** Data extract follows **

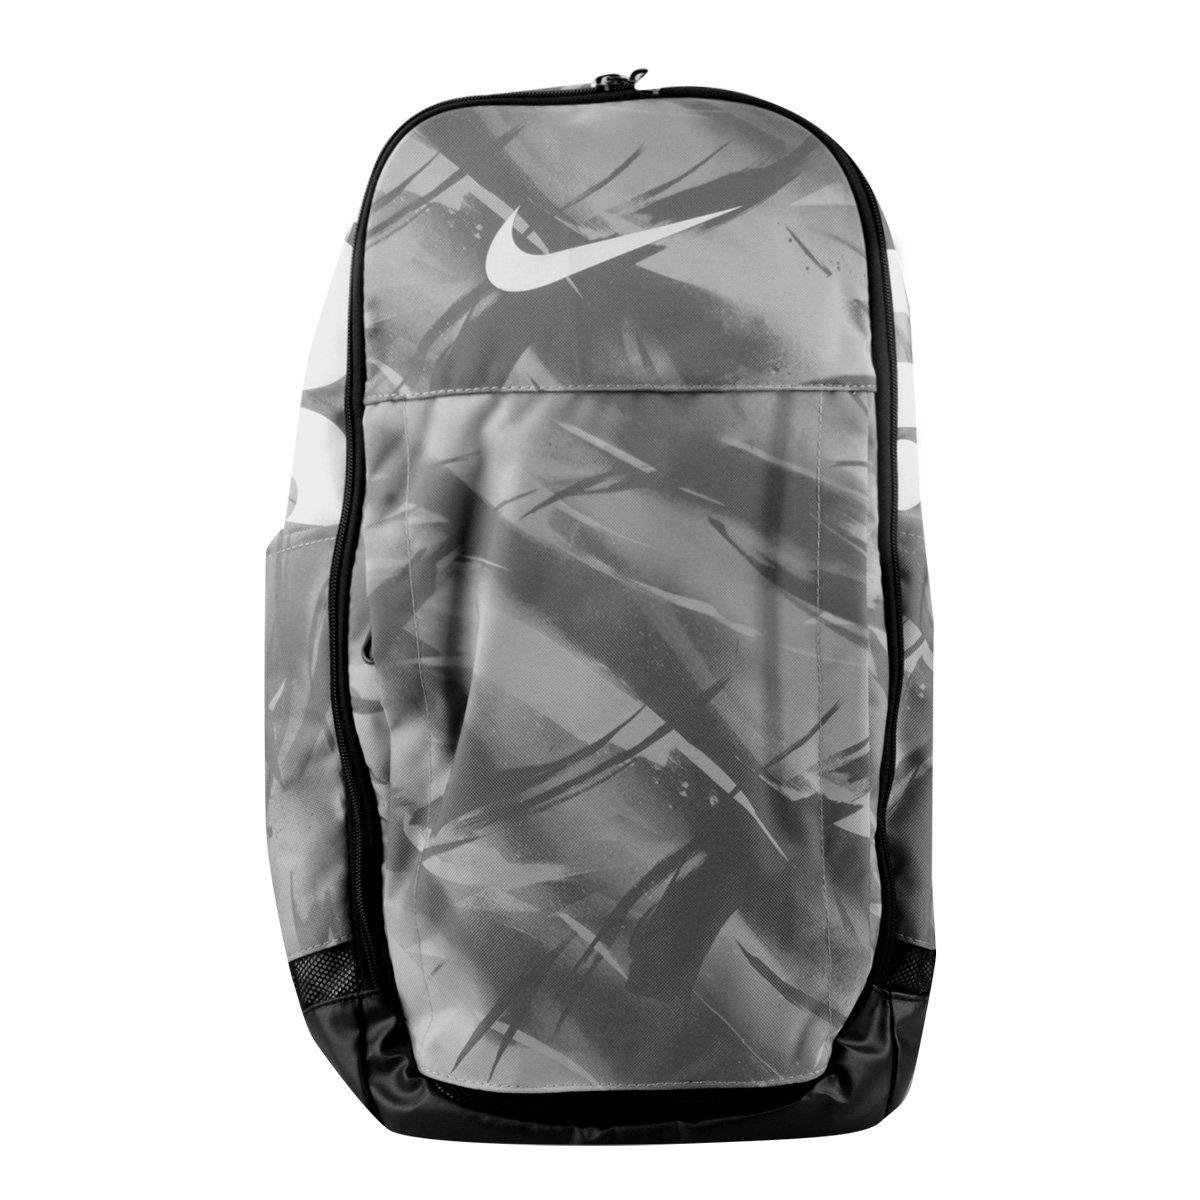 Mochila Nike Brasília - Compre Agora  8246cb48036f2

** End of Data extract **
** Data extract follows **

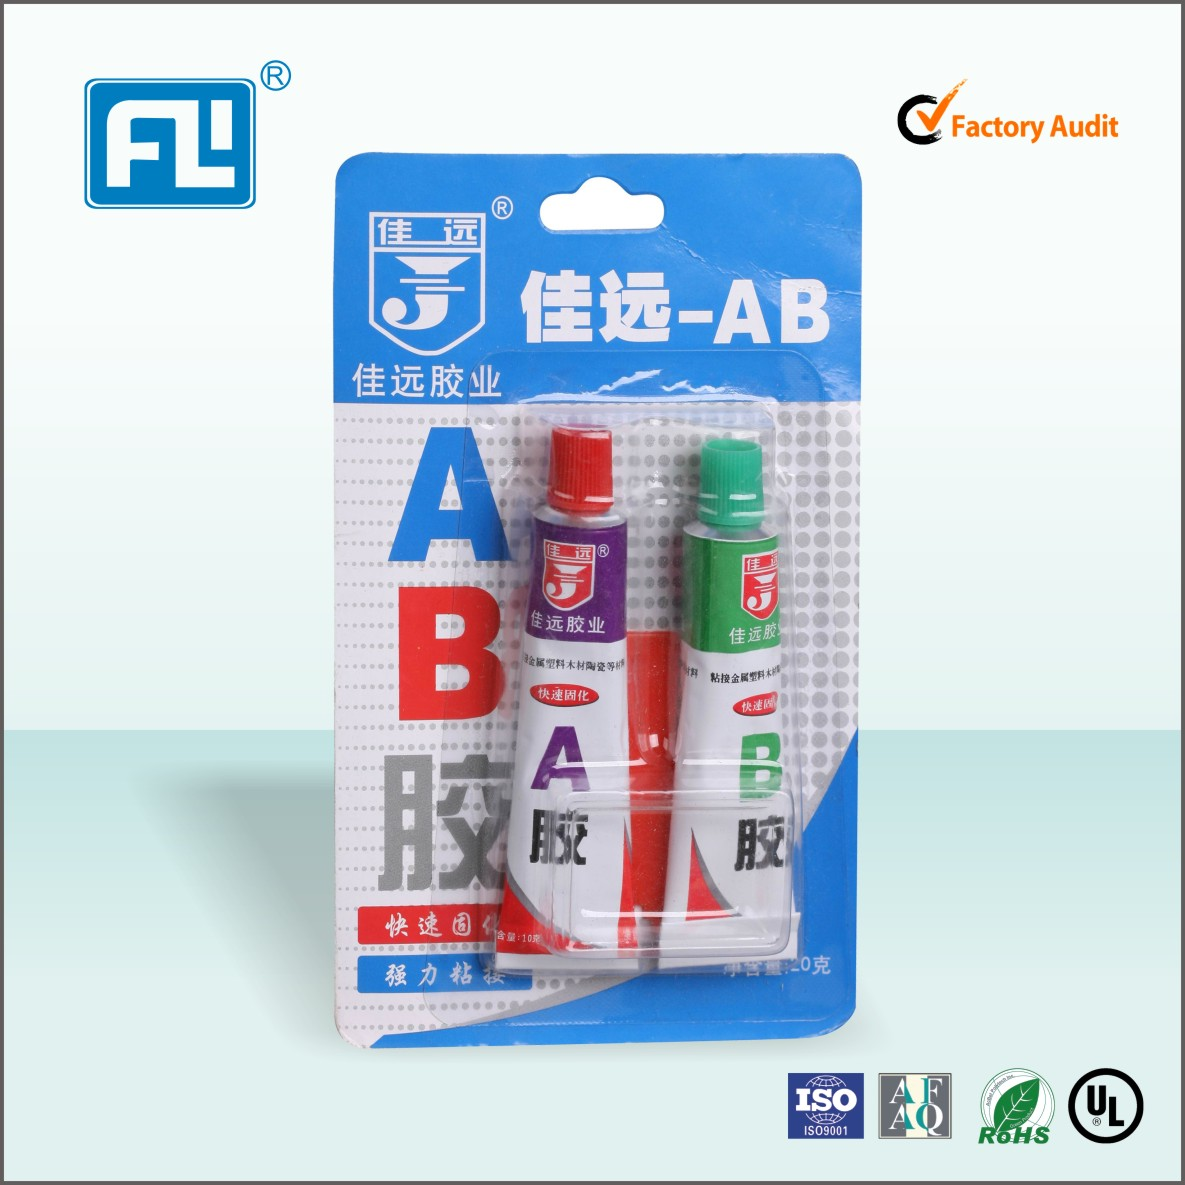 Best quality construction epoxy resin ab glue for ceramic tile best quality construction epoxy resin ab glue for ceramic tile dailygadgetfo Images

** End of Data extract **
** Data extract follows **

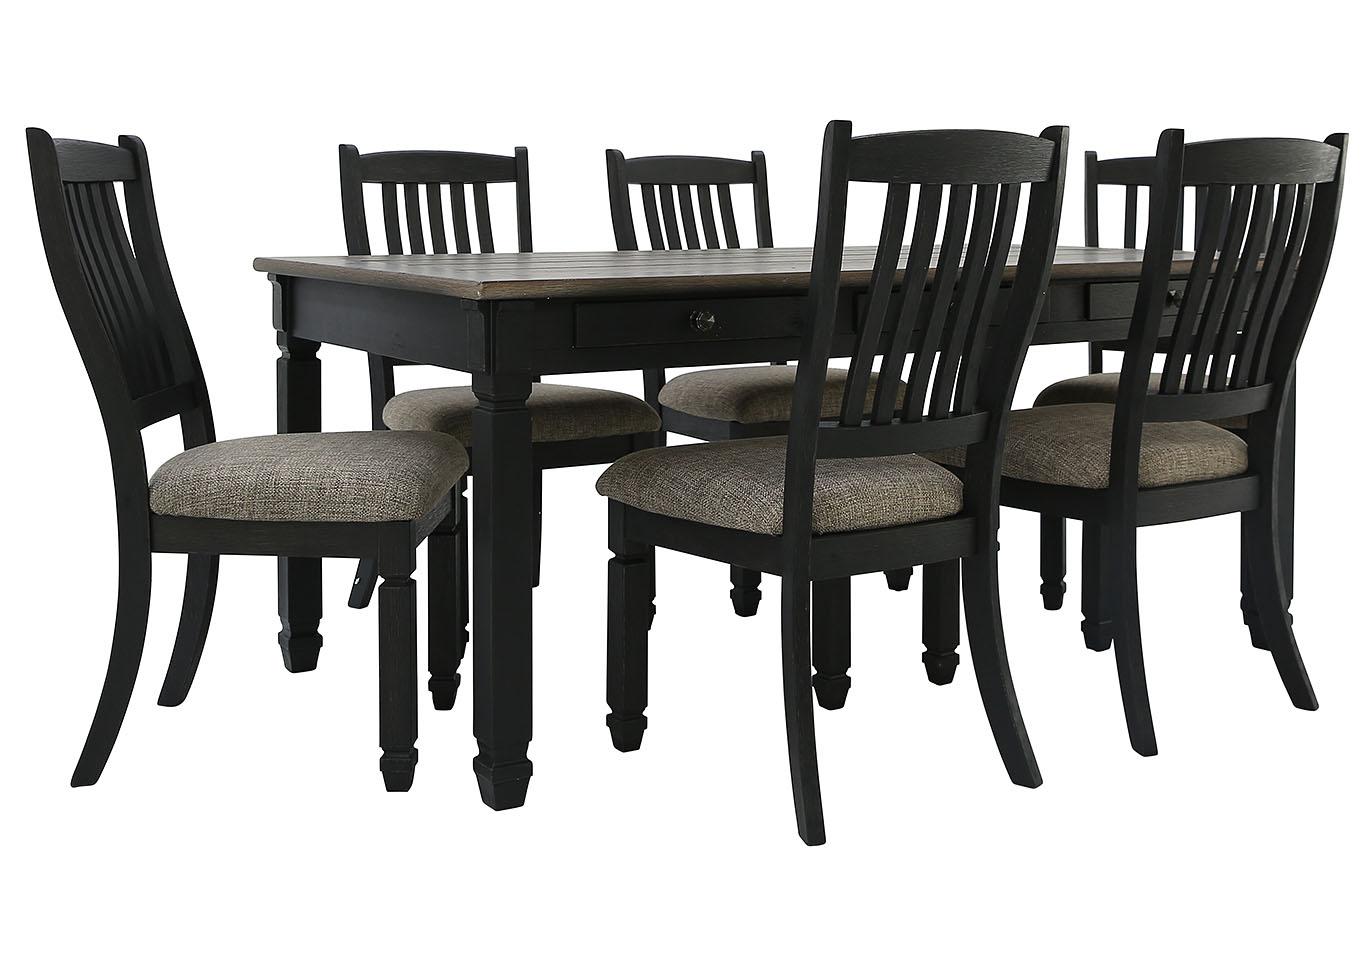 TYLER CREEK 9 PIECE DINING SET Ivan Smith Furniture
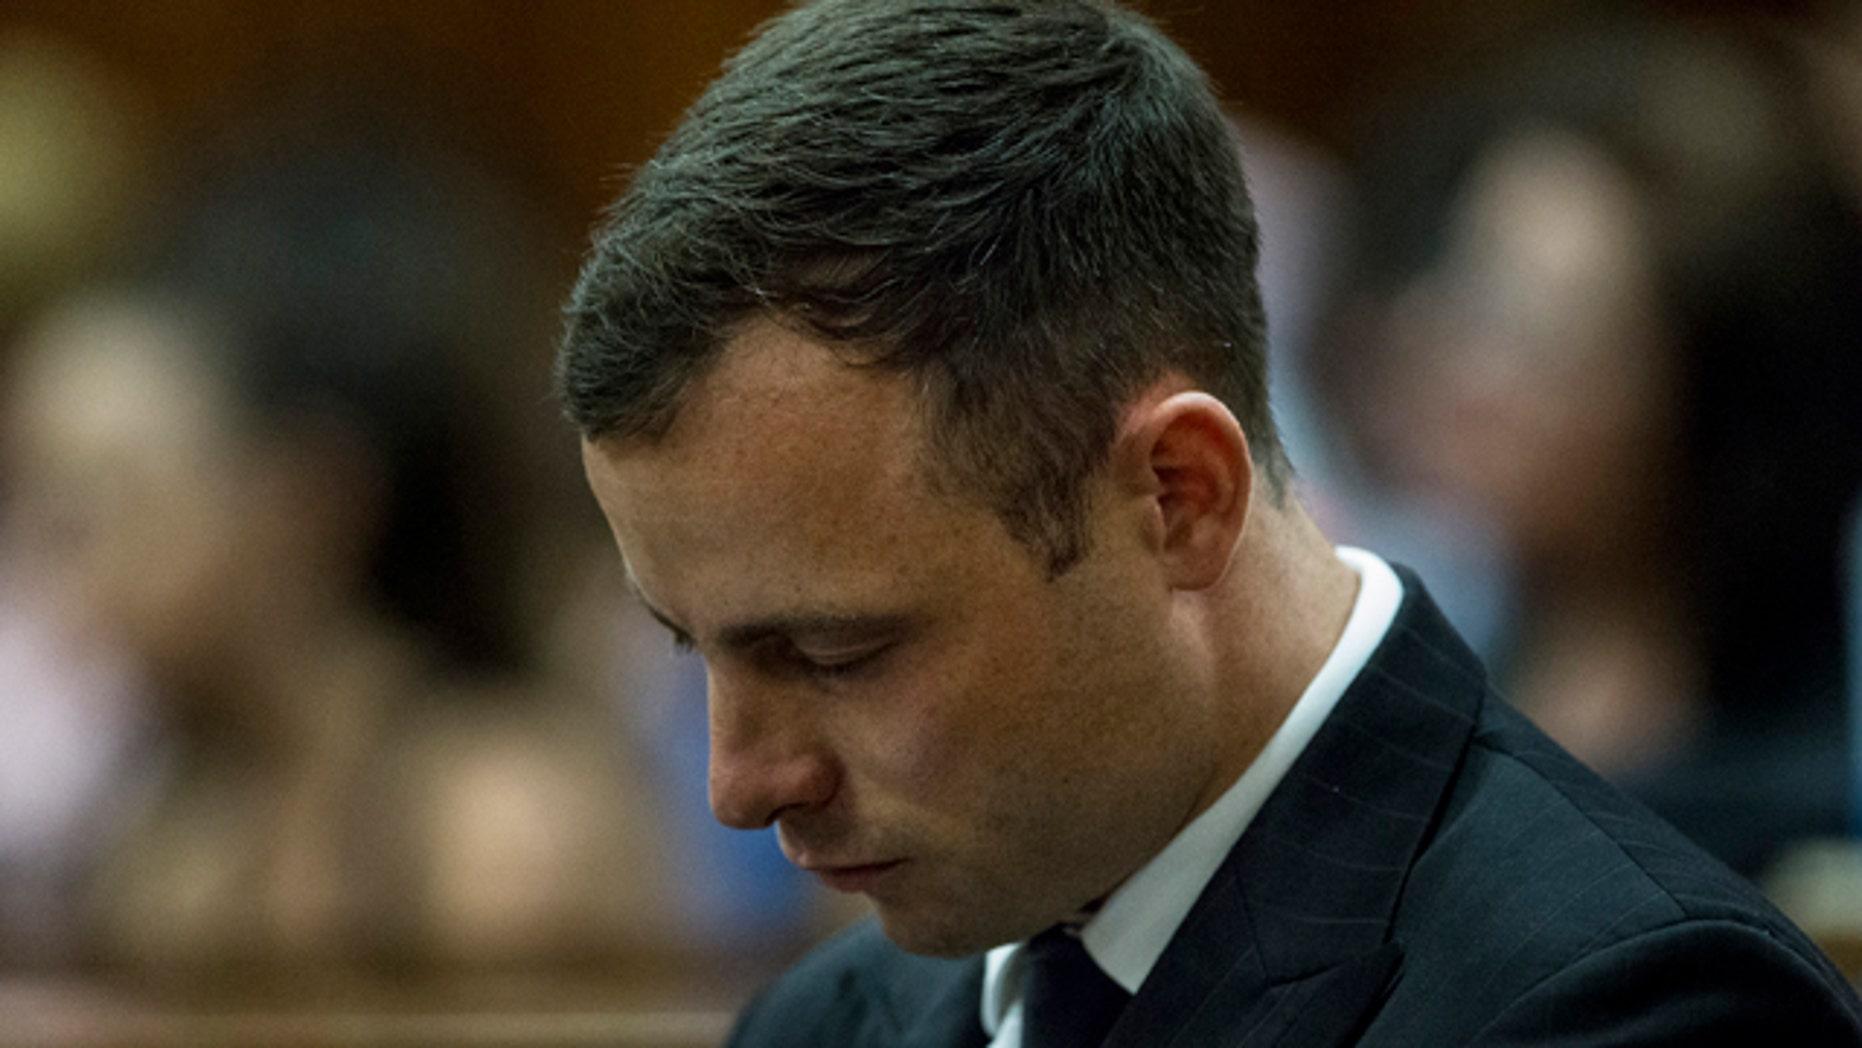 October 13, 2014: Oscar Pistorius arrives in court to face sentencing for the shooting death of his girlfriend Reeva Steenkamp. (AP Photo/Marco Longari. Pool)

** End of Data extract **

● **Work instructions**: Go down the entries above from the line containing "TYLER CREEK 9" to the line containing "October 13, 2014: Oscar" and write out each line exactly, leaving pictures out.

● **Task answer**:
 TYLER CREEK 9 PIECE DINING SET Ivan Smith Furniture
 October 13, 2014: Oscar Pistorius arrives in court to face sentencing for the shooting death of his girlfriend Reeva Steenkamp. (AP Photo/Marco Longari. Pool)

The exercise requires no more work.